1. What is the difference between how careers are marketed and what they actually are?

The way a career is marketed often focuses on the positive aspects and perks of the job, while the reality of the job may involve additional responsibilities and challenges that are not emphasized in the marketing.

2. Why is it important to understand the difference between career marketing and reality?

Understanding the difference between marketing and reality can help individuals make more informed career decisions and avoid disappointment or dissatisfaction in their chosen career path. It also allows for a more accurate understanding of job expectations and responsibilities.
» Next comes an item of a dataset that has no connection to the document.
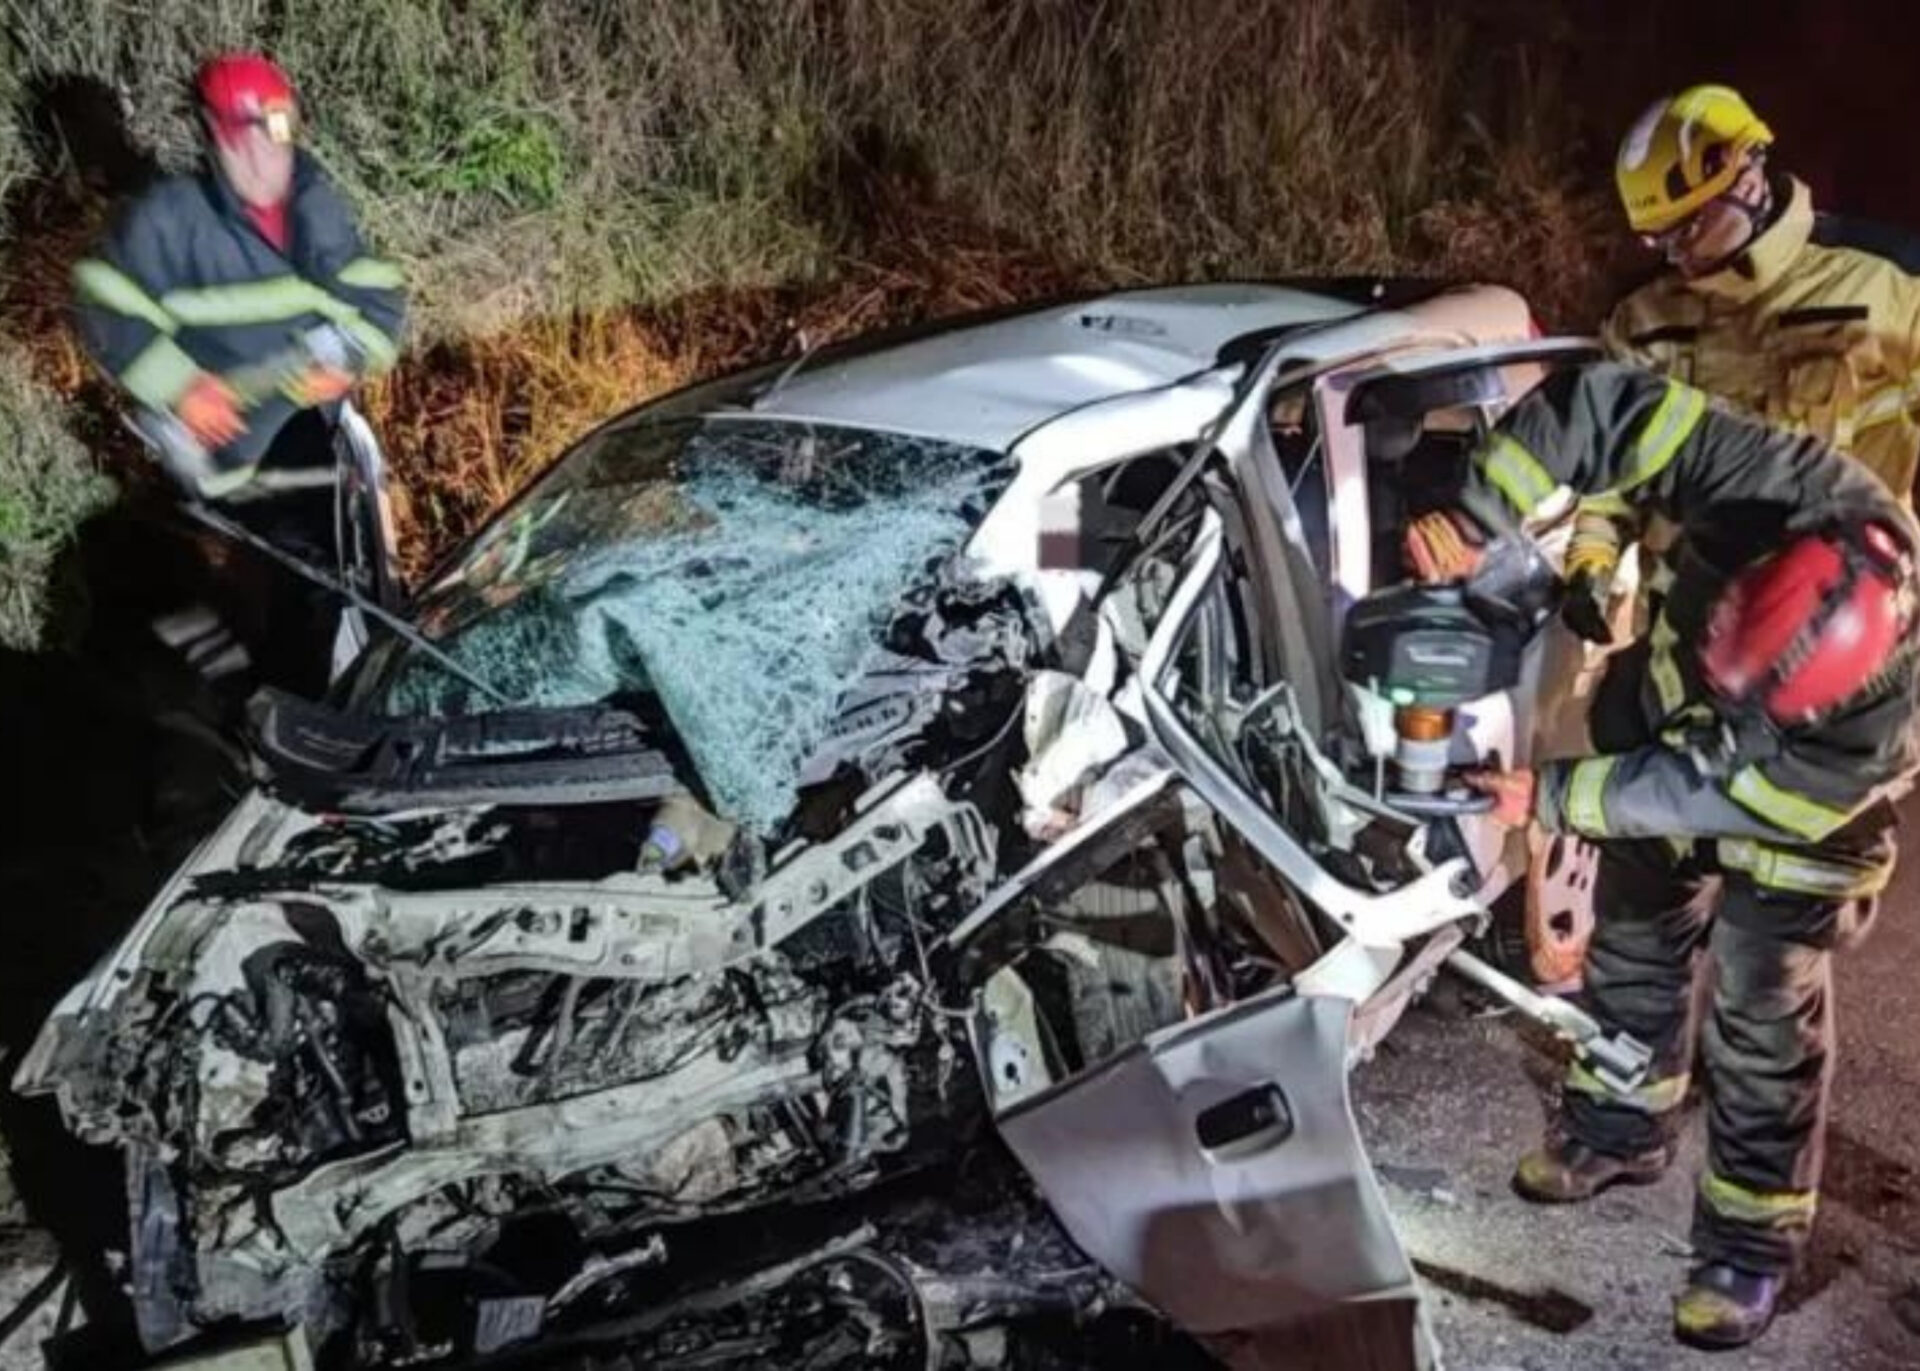 Condutor sem habilitação é suspeito de ter causado o acidente que matou 7 pessoas em Ouro Preto, diz Polícia Militar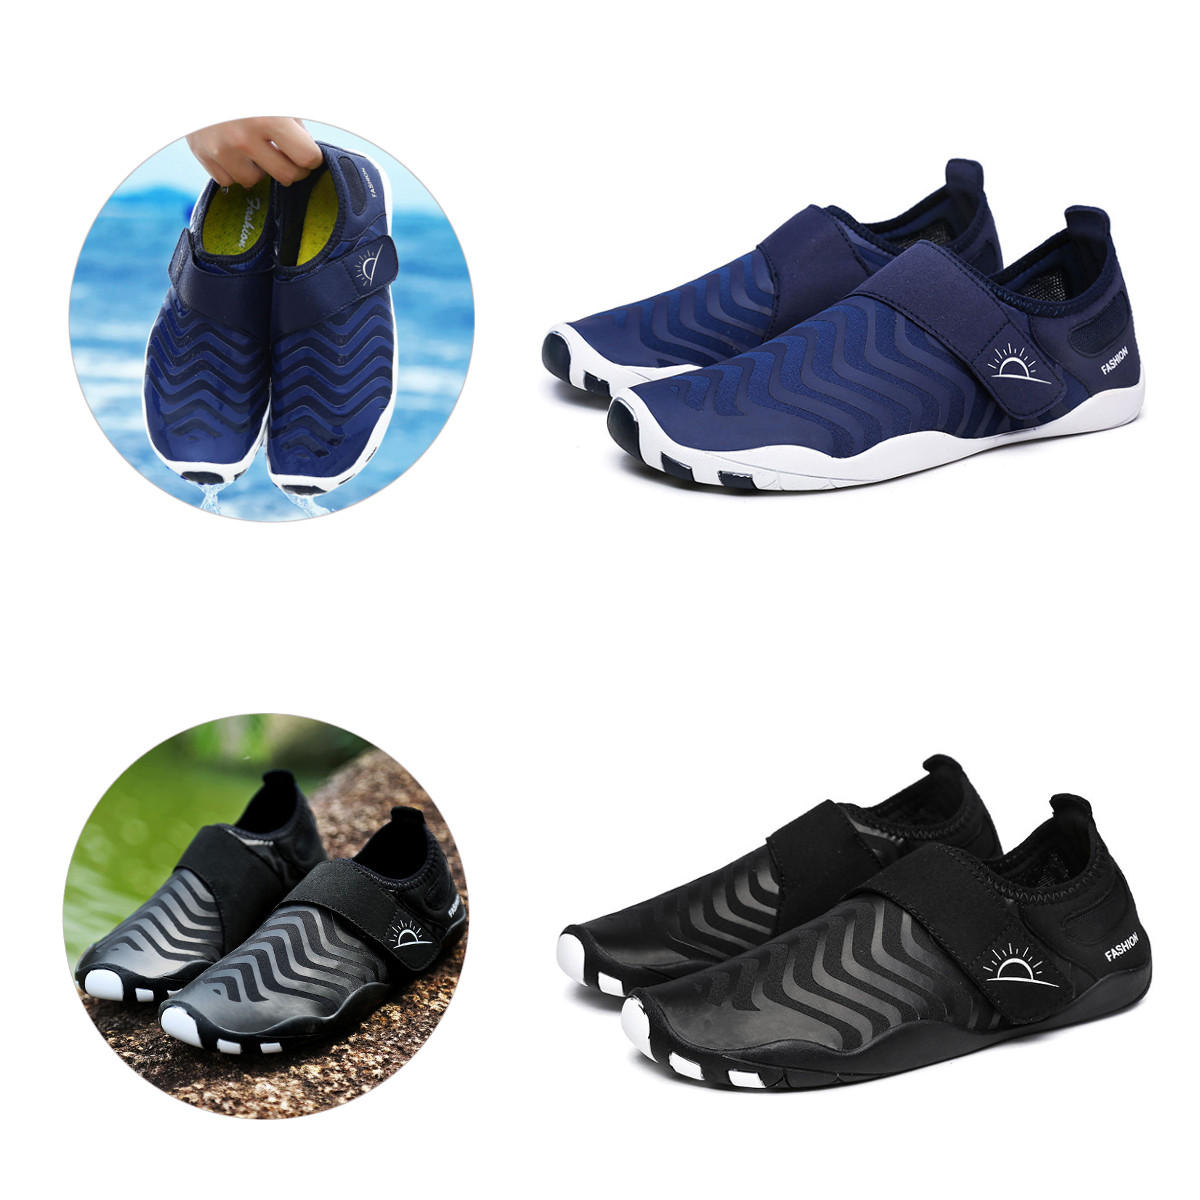 Chaussures de wading ultralégères rayées, séchage rapide, faciles à enfiler, idéales pour les sports de plein air, la natation et le yoga.

3. How do employers market careers to potential employees?

Employers market careers through various channels such as job postings, career fairs, company websites, social media, and word-of-mouth. They often highlight the benefits, perks, and opportunities for growth and advancement within the company.

4. Are there any laws or regulations governing career marketing?

There are laws and regulations in place to prevent false or misleading career marketing practices. For example, the Federal Trade Commission (FTC) regulates advertising and marketing practices to ensure they are truthful and not deceptive.

5. Can career marketing ever accurately portray a job?

Career marketing can give a general overview of a job and highlight its most appealing aspects, but it may not always provide a comprehensive or accurate portrayal of the job. It is important for individuals to do their own research and gather information from multiple sources before making career decisions.